For Emily Adams, a Product Development Engineer whose work taps into technologies that can help Kiwis play their part in lowering the nation’s carbon footprint, setting out on a path that would lead to a career at the cutting edge of sustainable energy generation with Meridian took a fair bit of courage.
She grew up in a large family in Taranaki. She loved Star Wars and had a natural talent for science at school. Her teachers spotted that talent, and nudged her down a study path that would lead to a career in engineering.
But there were barriers. At her high school “there was more money put into the home economics building than the science building,” quips Emily.
“If I wanted to learn HTML or that sort of stuff I would have had to go to classes at [a nearby boys’ school]. For a young girl that is extremely intimidating, so I didn’t actually take up the opportunity.”

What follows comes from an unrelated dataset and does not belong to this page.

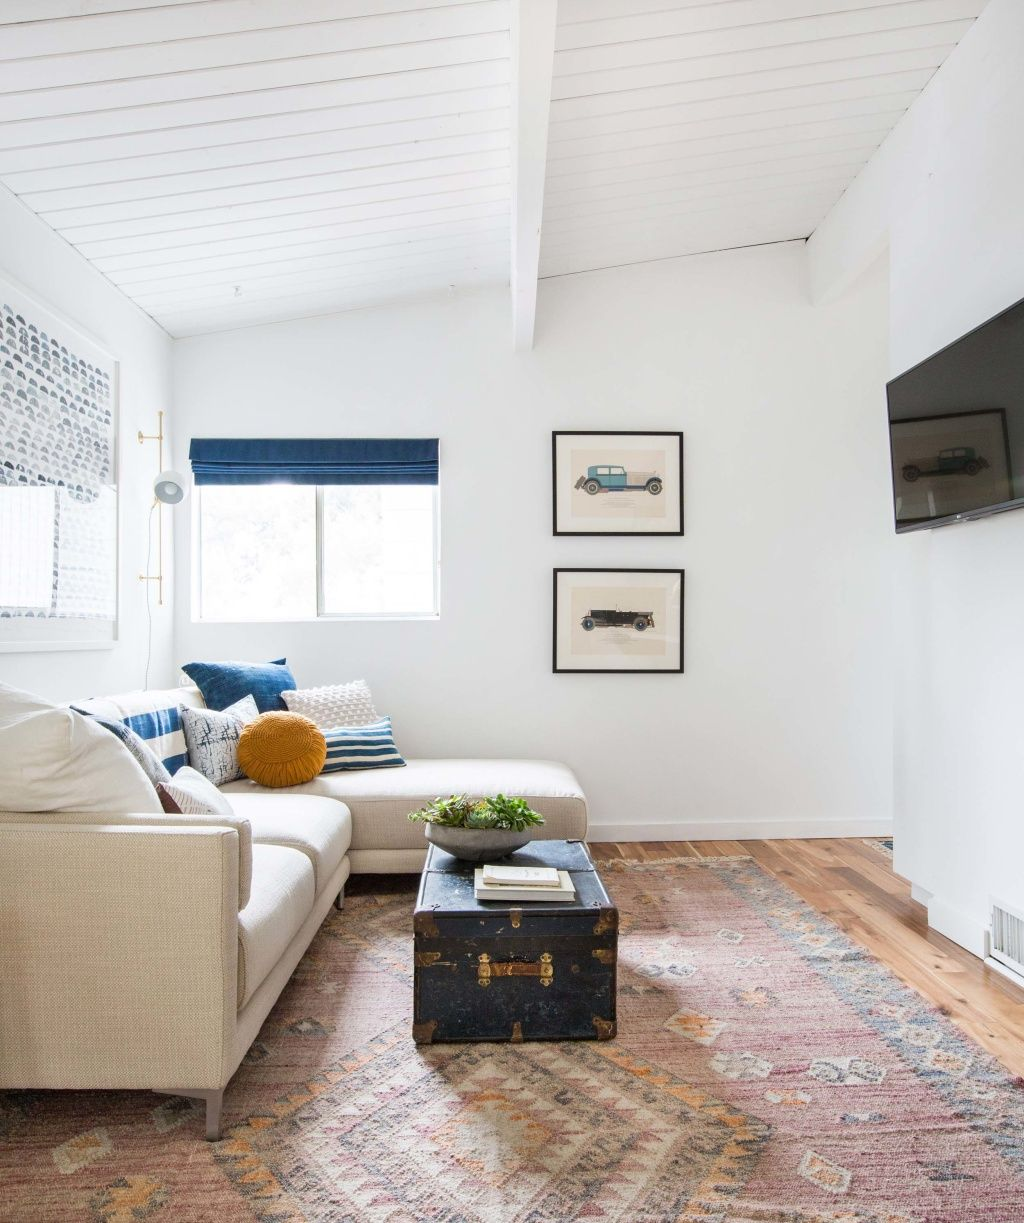 Skyline Flatweave Rug | Flatweave rugs, Apartment living and Room ...

But her teachers kept chipping away – and ultimately her decision to study engineering at the University of Canterbury came naturally enough.
“For me it was talking to the female science teachers at school. They were like ‘you know you could go into engineering’. That unlocked the possibility.”

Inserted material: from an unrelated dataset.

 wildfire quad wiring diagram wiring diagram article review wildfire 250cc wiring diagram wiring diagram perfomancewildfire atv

From Canterbury, Emily joined Meridian as an intern and then graduate automation engineer based at the Waitaki Hydro Scheme.
In late 2021 she joined the company’s Energy Innovations team, which is tasked with developing smart technologies and implementing programmes to maximise the utility of renewable generation and storage.
Emily is currently leading a trial of bi-directional smart charging technology – which allows EV batteries to feed energy back into houses and the power grid.
The idea is to build ‘demand flex’ into the grid through the creation of virtual power plants that draw from sources such as EV batteries and domestic solar. Energy from these virtual plants can be utilised at times of high demand for the national grid, and be a fallback when renewable generation from weather-dependent sources such as solar and wind are lower.
In practical terms, an EV owner with a bidirectional charger could use their car battery to cook dinner and heat up the home, while also feeding the grid, and then top up the battery overnight when demand on the national grid is lower.
“Fun fact”, says Emily, “V2G [vehicle to grid] really became popular after Japan started investing heavily into it after the Fukushima disaster as car batteries proved useful for emergency response.”
For New Zealand, the technology could prove crucial in offsetting demand peaks created by a rapidly growing EV fleet – such as motorists all plugging in their EV chargers once they arrive home from work.
“That is a whole bunch of new load that if unmanaged would be a huge burden on the peak,” she says.
“Ultimately it will cost everyone more if that charging is unmanaged as we would have to overbuild our networks to manage just that one time of the day when the peak is huge.”
Hence, building ‘demand flex’ into the system is a key goal Meridian’s Innovations team. As well as transport, it is working on projects to tap into home and business solar, and replacing commercial coal boilers with electric alternatives that can be powered up or down to help manage the demand on the grid.
Emily says she has noticed a shift in attitude towards decarbonising technologies – even among those who might not be fully convinced of the threat and impacts of climate change.
“Ten years ago, talking about solar and EVs, people would be like ‘why are you even bothering?’
“But now the economic case is stronger, more people are seeing the benefits,” she says.
“Living more sustainably and having less reliance on importing fossil fuels is ultimately good for the country in the long run.
Emily Adams, Product Development Engineer
Women of Meridian is a series profiling some of the amazing women working across our company, with a focus on those in roles traditionally held by men. It’s about raising the visibility of these women, and the opportunities that exist here and across our industry. As the saying goes: if you can see it, you can be it.